→ Work to be completed:
Transcribe exactly the lines from the one containing "CASSAVETES ETC. / SCHÖN WIE GENA ROWLANDS" through the end of the data, both included. Leave out pictures.

→ Data section:
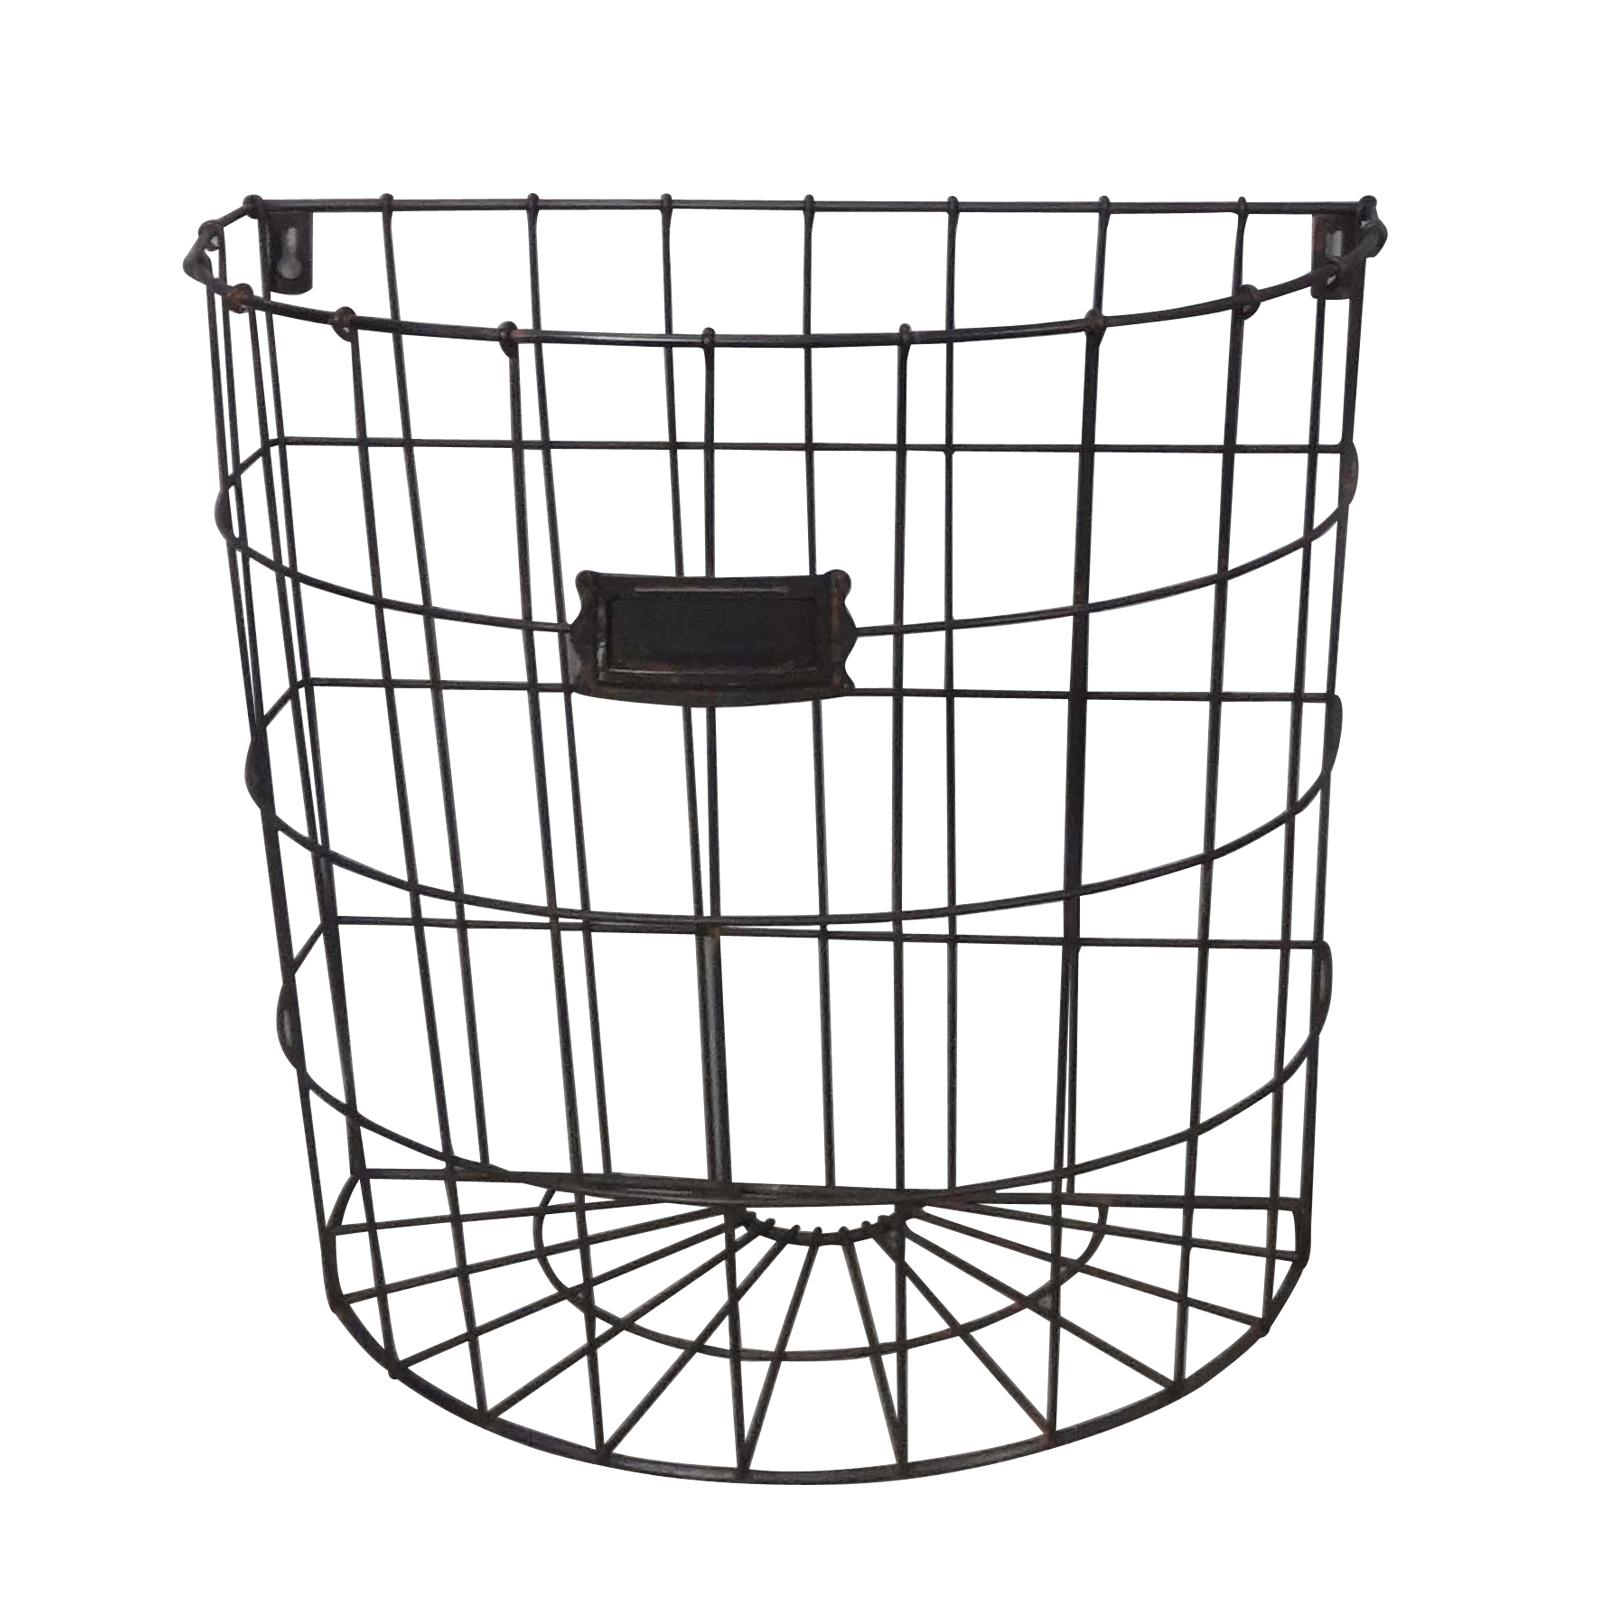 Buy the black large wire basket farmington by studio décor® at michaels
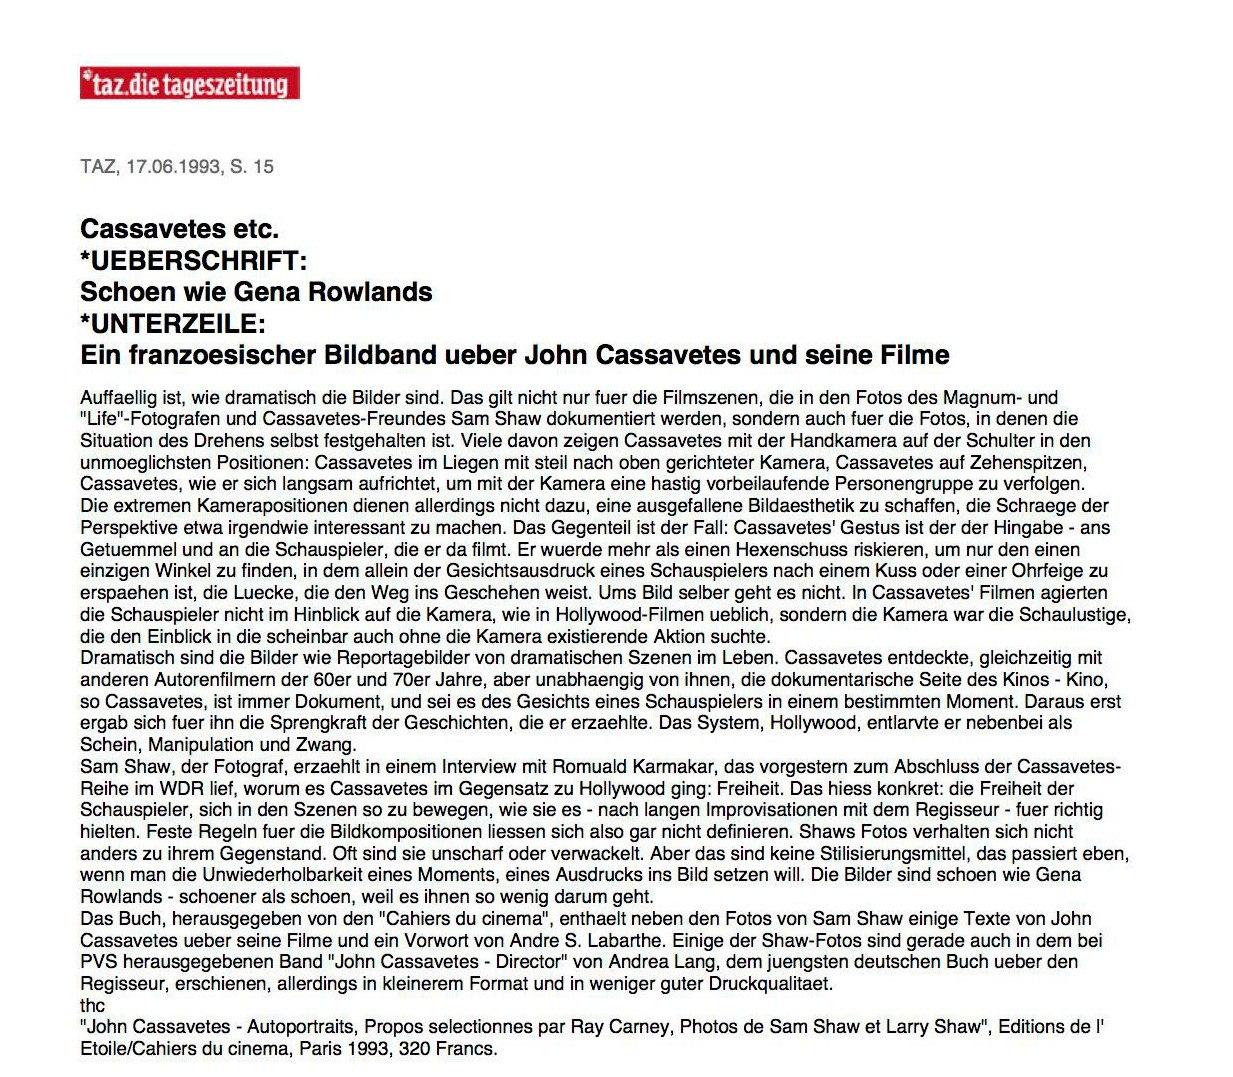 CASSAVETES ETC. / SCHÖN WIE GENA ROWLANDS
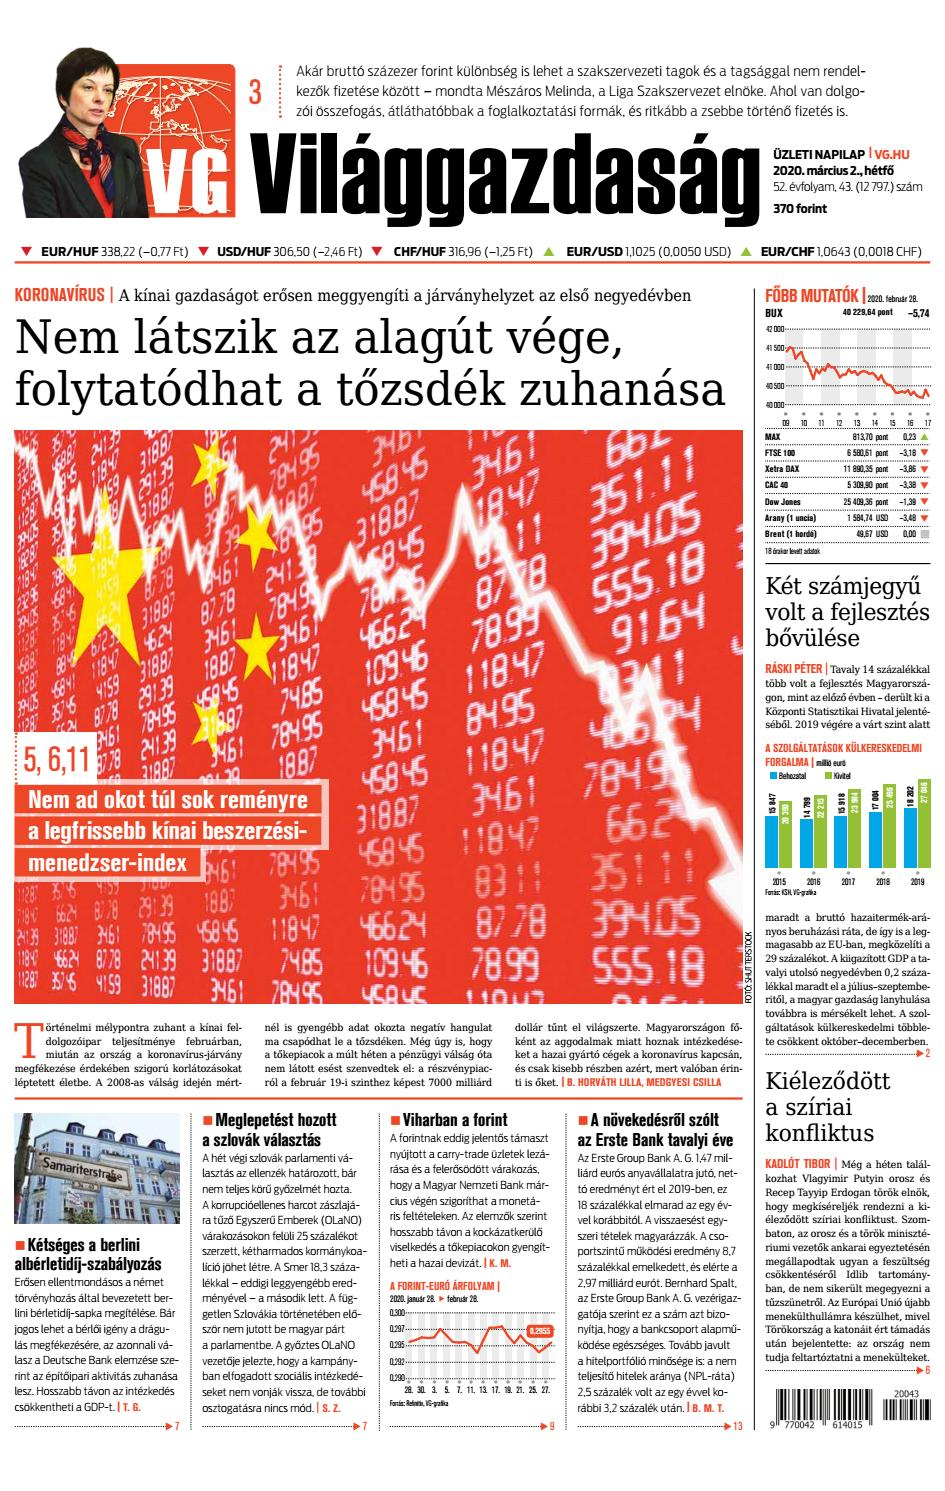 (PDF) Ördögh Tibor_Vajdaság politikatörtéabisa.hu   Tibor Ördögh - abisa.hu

→ Solution to this problem:
 CASSAVETES ETC. / SCHÖN WIE GENA ROWLANDS
 (PDF) Ördögh Tibor_Vajdaság politikatörtéabisa.hu   Tibor Ördögh - abisa.hu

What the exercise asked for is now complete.